Комиссар смотрел на ее милое курносое личико, и ему уже казалось, что все было именно так: он грубил, горячился, и Наташа вполне могла бы обидеться, но, по счастью, обошлось.

— Знаете что, — щебетала между тем Наташа. — Приходите к нам чай пить. Я коржики привезла — такие вкусные!..

Чем было заняться солдатам в ожидании австрийских ботинок? Прямо сказать, нечем. Курили, чесали языками.

Белорус в драной шинели — фамилия ему была Карпушонок — подсел на лавочку к эстонцу Уно.

— Имел бы я бумажку, закурил бы — да жаль табачку нема, — сказал Карпушонок вроде бы для смеха, но с тайной надеждой. Уно продолжал хлюпать своей трубочкой, будто и не слышал. Тогда белорус попросил:

— Братка, дай табачку кроху.

— Надо меньше петь и свой иметь, — ответил эстонец.

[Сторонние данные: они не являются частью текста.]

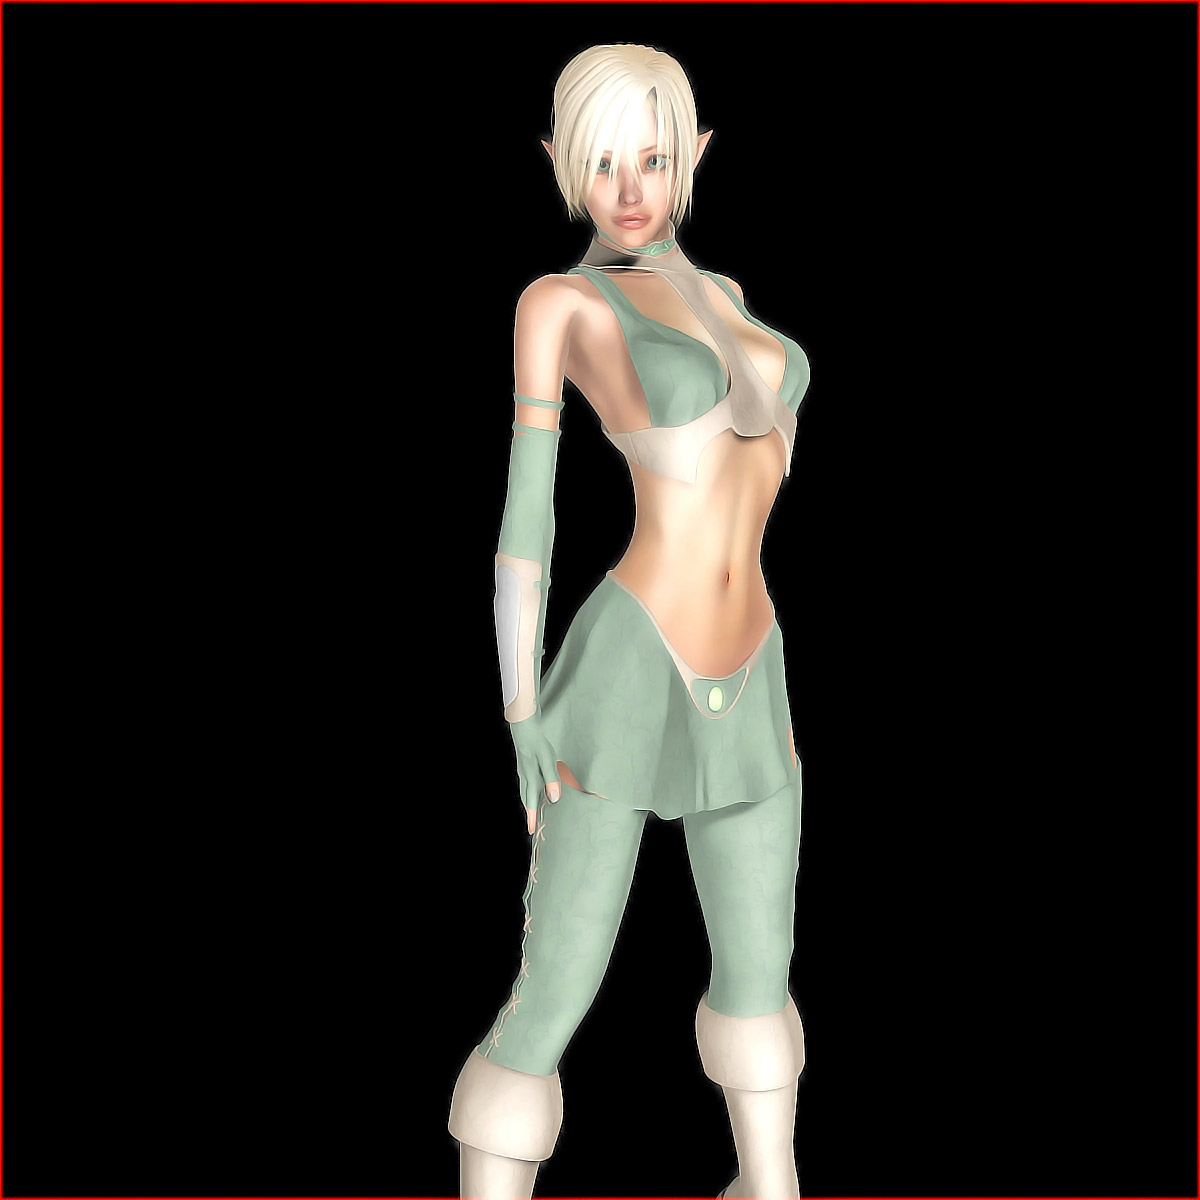 Sexy Alien 3d - Fierce giant uses a hot alien girl for a sex toy | 3dwerewolfporn.com
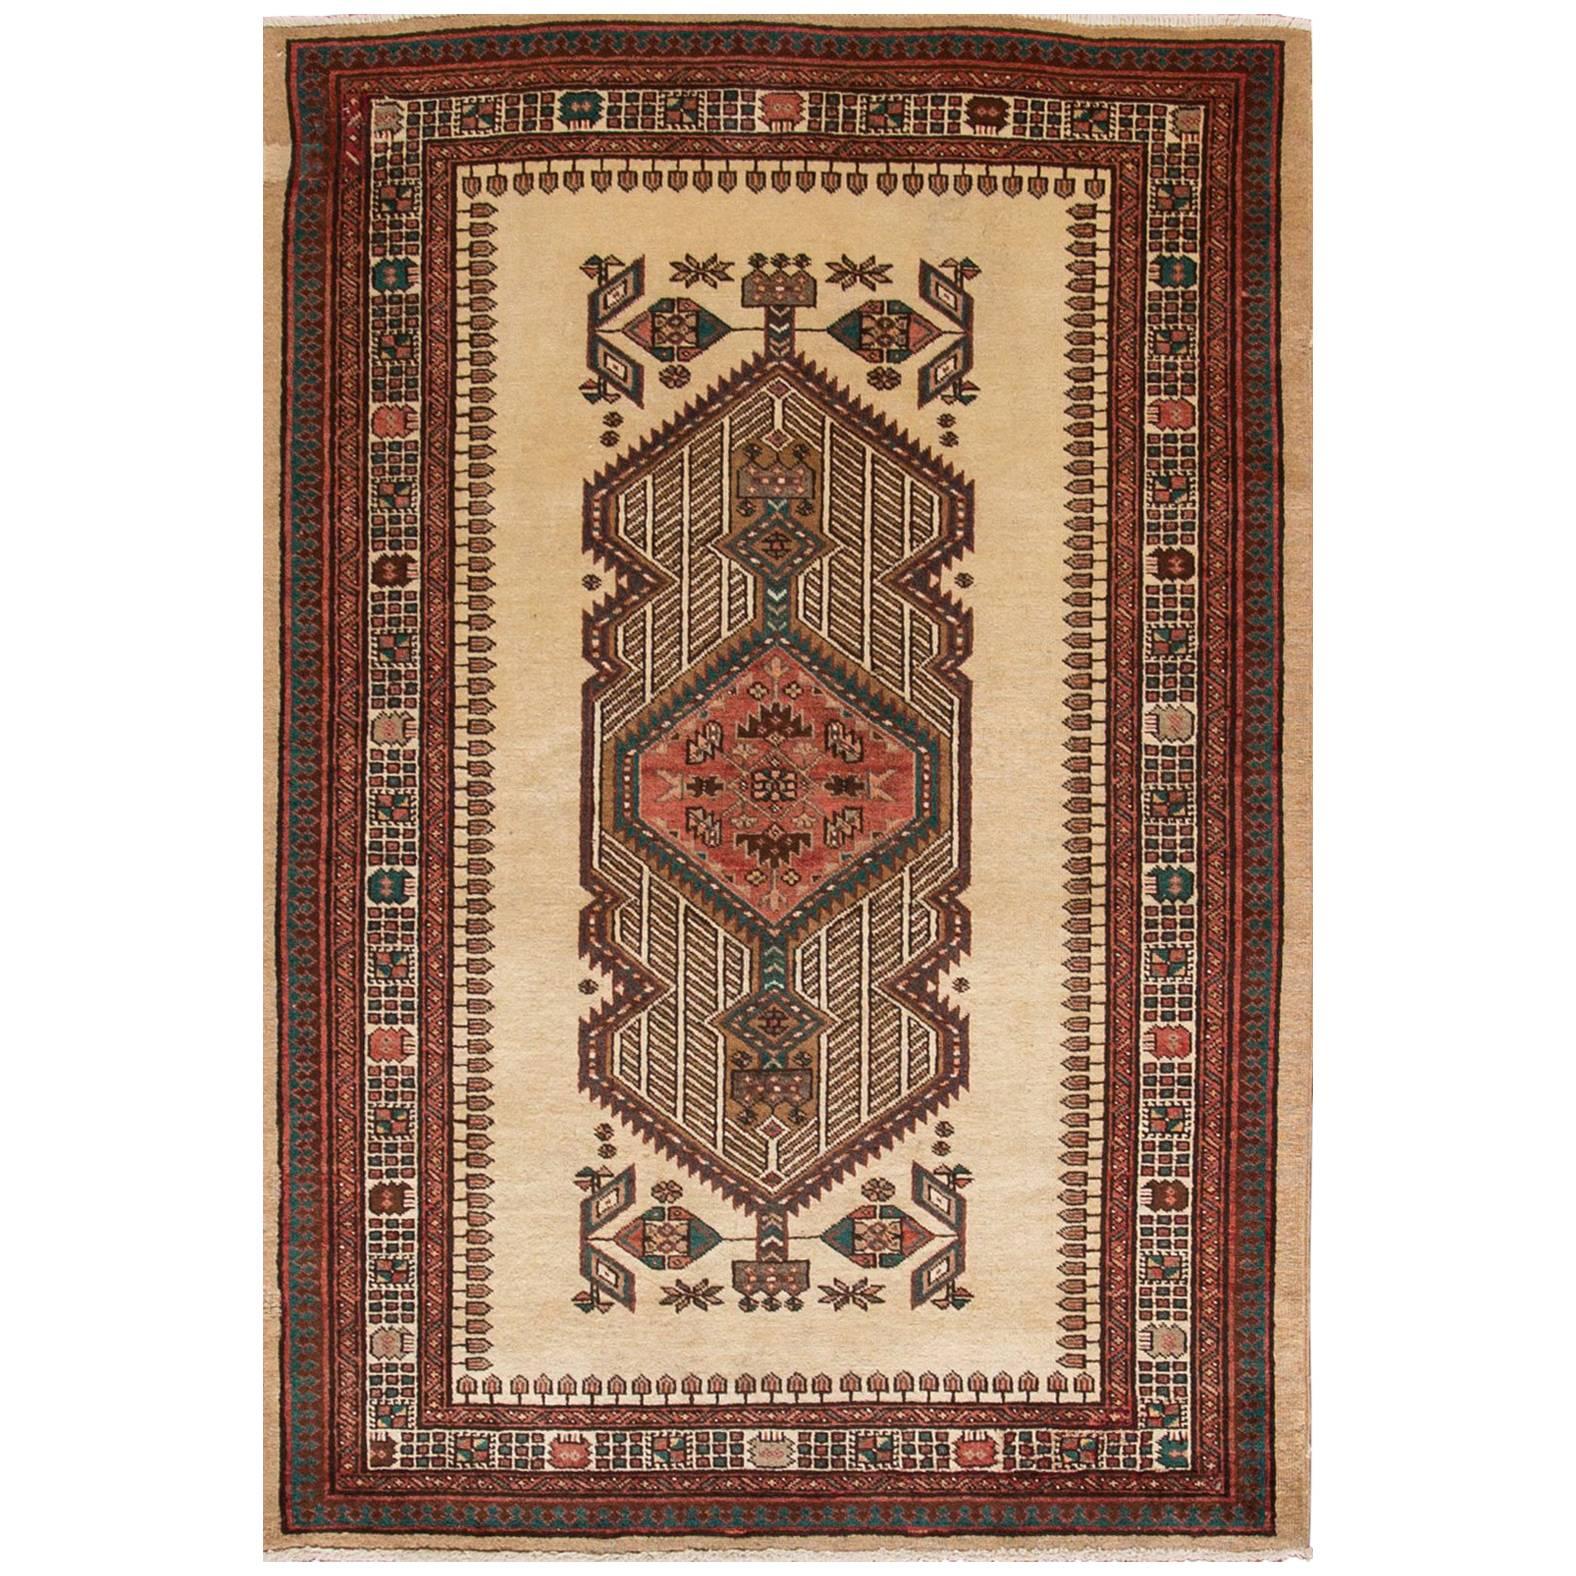 Tan, Rostfarbener persischer Bakhtiari-Teppich aus den 1940er Jahren

— Тады дай из трубочки потягнуть.

— Трубка, лошадь и жену не дам никому.

Карпушонок обиделся:

— У, черт нерусский!

— Ты сам черт нерусский!

— Жила чухонская!

— Белорусский бульба… На, закури.

И Уно полез в кисет за табаком.

Кутасовы сняли комнатку у кого-то из станционных. От хозяев на стене остались картинки из «Нивы» и балалайка. Рядом новые жильцы повесили шашку и планшет подпоручика, крылатую Наташину шляпку.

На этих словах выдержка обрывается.